# Cambridge proves that coveting of the physical Bible is possible...



## interalia (Dec 17, 2011)

ESV Clarion Reference Bible Brown Calfskin Leather-PREORDER [9781107648302, black letter] - $115.19 : EvangelicalBible.com

I already have an Allan KJV, but this may take the cake, so to speak.


----------



## Wayne (Dec 17, 2011)

Thanks for that link. Exploring it further, I see there is a Hebrew-English parallel text Old Testament due out in March.


----------



## Peairtach (Dec 17, 2011)

> calf split leather, top-grain calfskin, and edge-lined goatskin.

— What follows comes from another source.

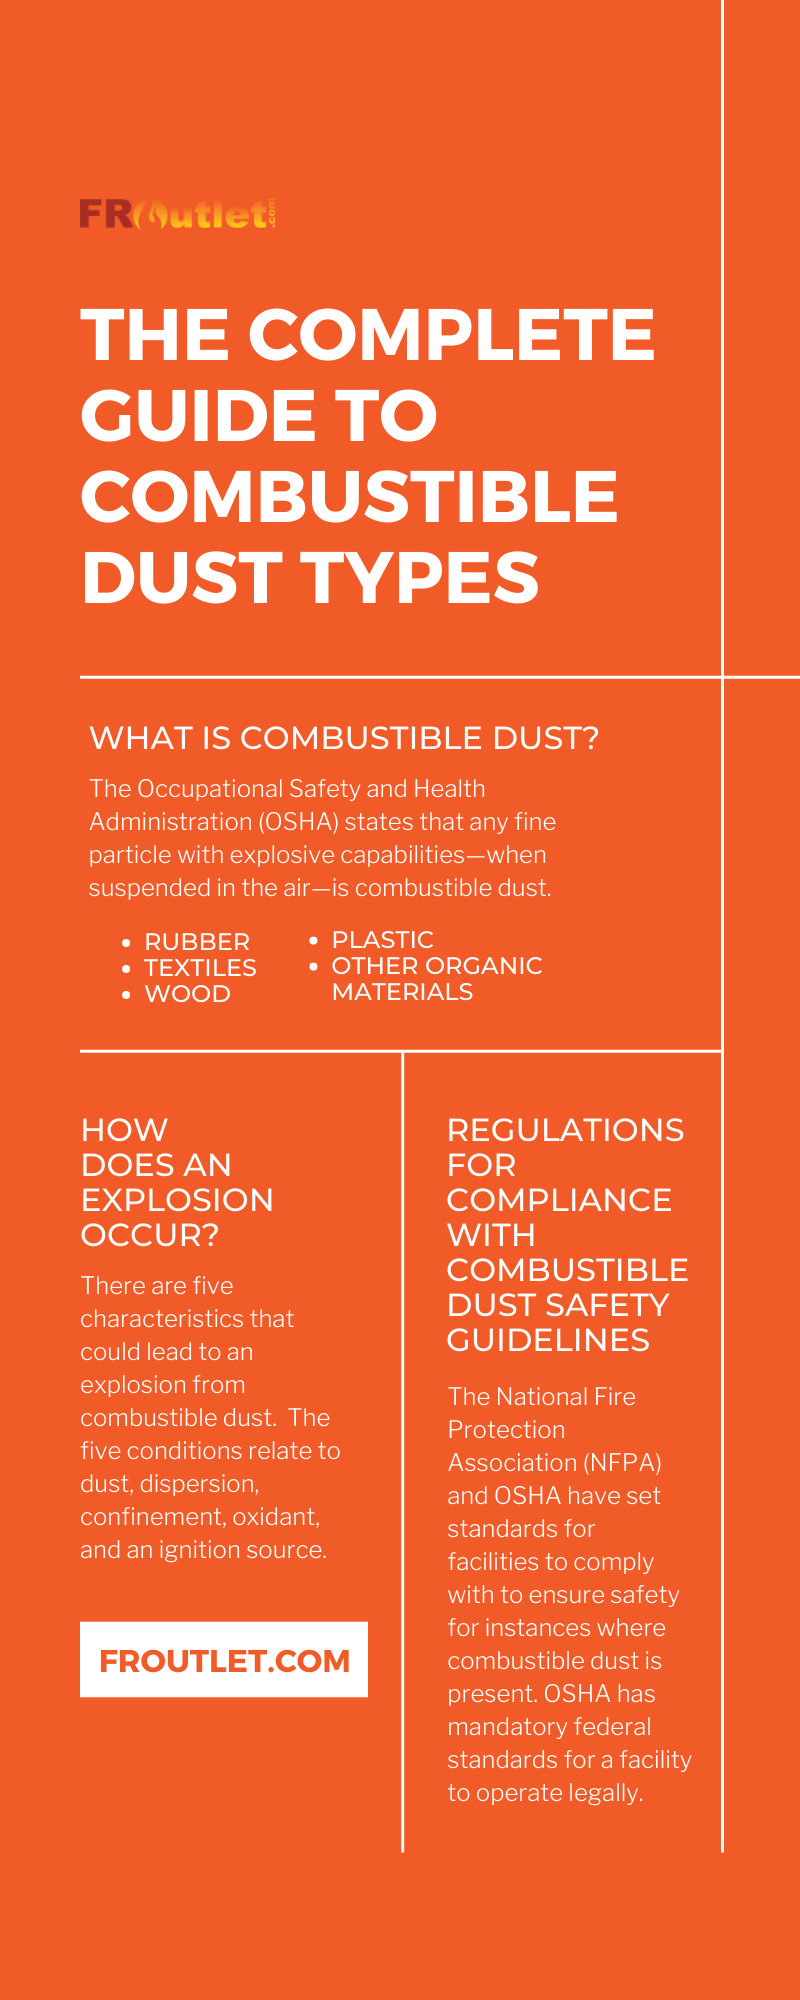 The Complete Guide to Combustible Dust Types

....they wandered about with their handsome Bibles covered in calfskin and goatskin....


----------



## surnamelevi (Dec 30, 2011)

Will this be the 2011 text edition?


----------



## Jeff Burns (Dec 30, 2011)

I emailed Baker Publishing company who handles all of Cambridge's sales in North America to ask if there were any plans in the works to add other translations to the Clarion line in the future, specifically the NASB. The person who responded said there is and the NASB will be coming out sometime in 2012. Good news for thos of us who haven't converted to the ESV.


----------



## Zach (Dec 30, 2011)

I got an ESV Cambridge Pitt Minion for Christmas and absolutely love it. They are beautiful Bibles.


----------